Friday, November 7, 2008

A "Just Foreign Policy"

Even as we bask in the afterglow of a truly monumental election, the current resident of the Oval Office has signed (with a big grin) the largest military budget in history (for fiscal year 2009). It weighs in at a paltry $512 billion (and that's just for starters); you can see what the extras will probably cost us in my October 22nd blog posting, Our Runaway "Defense" Budget. In the past eight years the Bush administration has taken decades of foreign policy already designed with the National Security State in mind and has raised it to unimaginable heights (or perhaps taken it to new lows).

Our current foreign policy is centered on a perpetual War On Terror that has sucked the life out of the remains of our nation's diplomatic service as it pumped vast amounts of money and human resources into military “solutions” and interventions around the world. It was once said that “the sun never sets on the British Empire.” And so, with over 700 U.S. military bases encircling the globe, the sun now never sets on the American Empire.

However, the signs are clear (just as they were with the British Empire) that the days of the American Empire are on the wane. It is all about power, and the balance (or imbalance) thereof. For decades the two Superpowers wielded immense power that affected every corner of the globe, and today America still attempts to wield (hard) power in an unbridled fashion without a thought of engaging in meaningful dialogue with other nations (except in token ways or after the fact).

We can either adjust to our waning of Empire in a sensible way or continue on the current track, exerting military might until we eventually collapse under the shear weight of it.

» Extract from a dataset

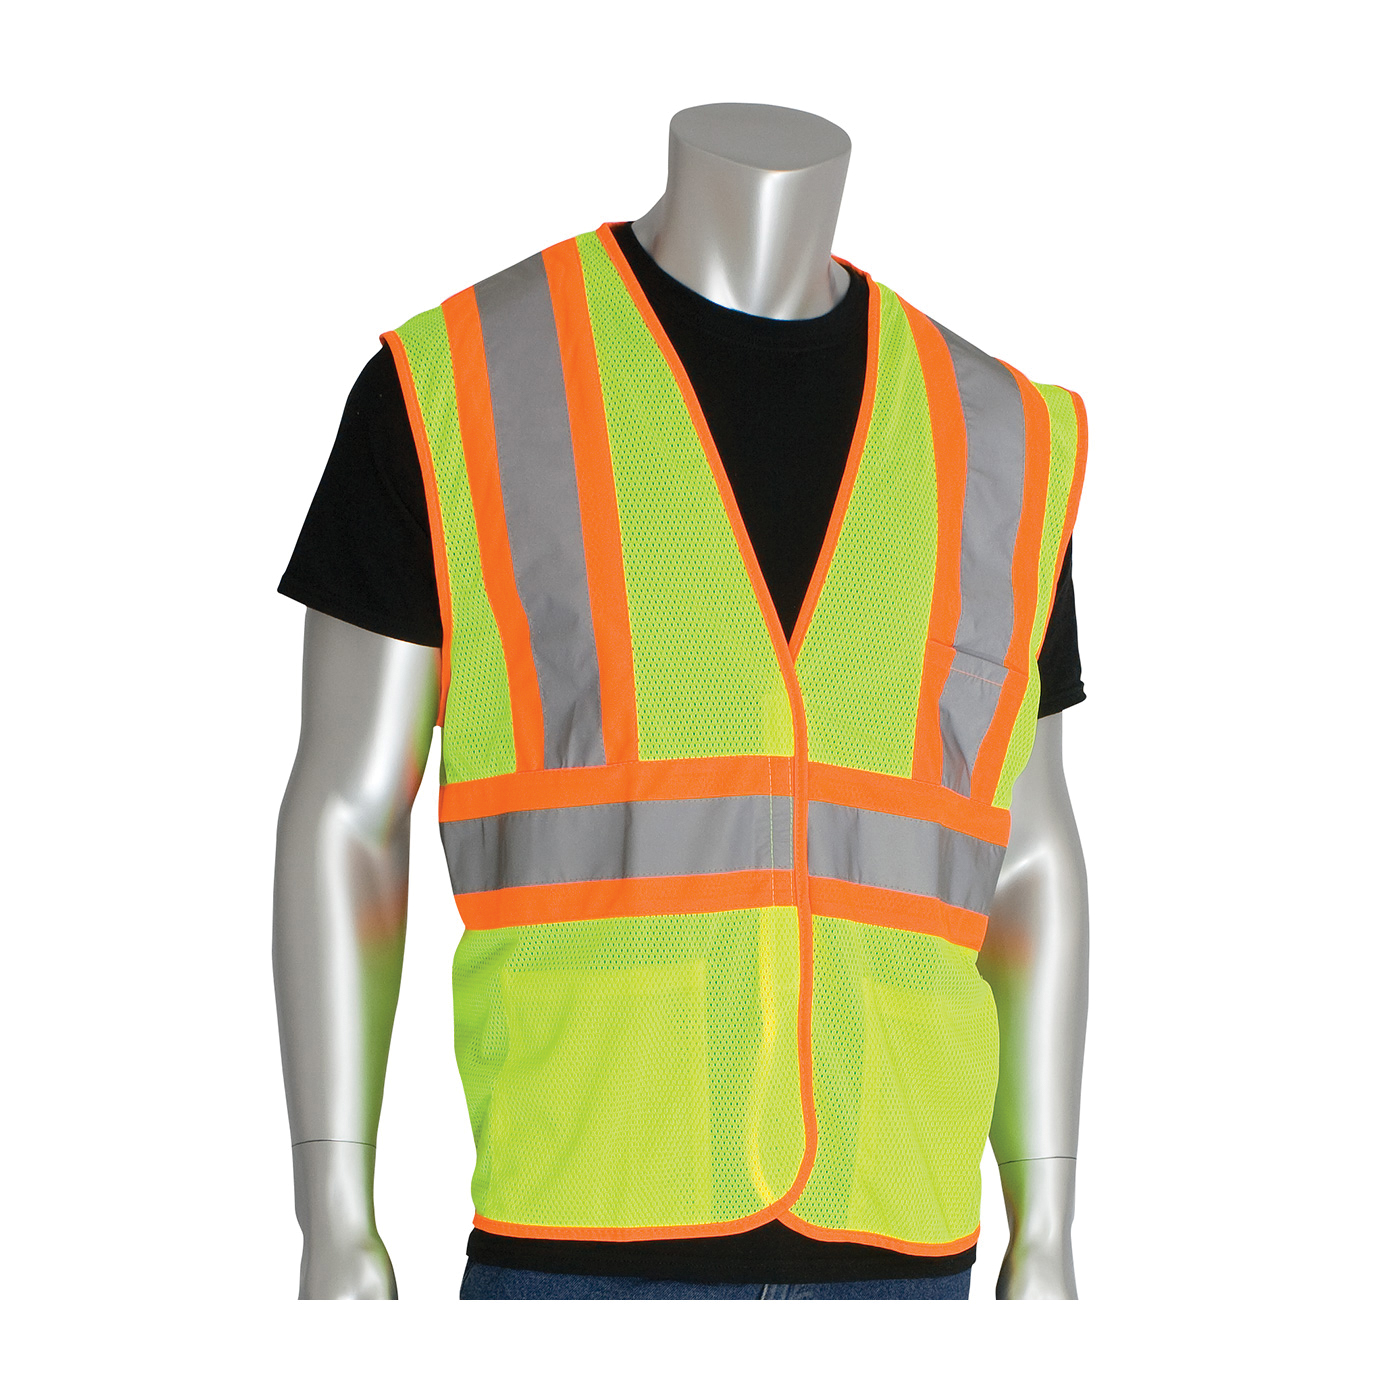 PIP® 302-MVATLY-M 2-Tone Safety Vest, M, Hi-Viz Lime Yellow, Polyester, Hook and Loop Closure, 3 Pockets, ANSI Class: Class 2, Specifications Met: ANSI Specified

We need to come to the realization that meaningful foreign policy is not wrought with guns and bombs. We can learn that we are just one nation among many, and that we do not have all the answers and that we must learn to live together under the rule of law (not the rule of might).

In a previous blog posting I wrote about Dr. Martin Luther King's concept of The World House, "in which we have to live together—black and white, Easterner and Westerner, Gentile and Jew, Catholic and Protestant, Muslim and Hindu—a family unduly separated in ideas, culture and interest, who, because we can never again live apart, must learn somehow to live with each other in peace.” Dr. King was right on the mark. We are, as he said, like a dysfunctional family that has been thrust into a situation where we all live under the same roof and must learn to live together. Diplomacy (first) and just foreign policy are at the top of my list for learning together in this World House of ours, and speaking of just foreign policy:

The people at Just Foreign Policy are dedicated to “achieving a just foreign policy based on cooperation, law, and diplomacy.” Aside from joining their Action Network, they are currently asking people to send a message to President-elect Obama asking him to reform U.S. foreign policy. You can send an email from their Website, and they have a number of common sense talking points that you can use in addition to any of your own.

If we took even a fraction of what we currently spend on the military - deep sixing one Cold War relic like the F22 Raptor jet would save a few billion - and increased spending on just foreign policy efforts, we could change our standing on the world stage, significantly reduce the threat of terrorism and soften the inevitable decline of the American Empire. And just think; without a bunch of wars to fight, maybe we could even give our troops a well deserved vacation.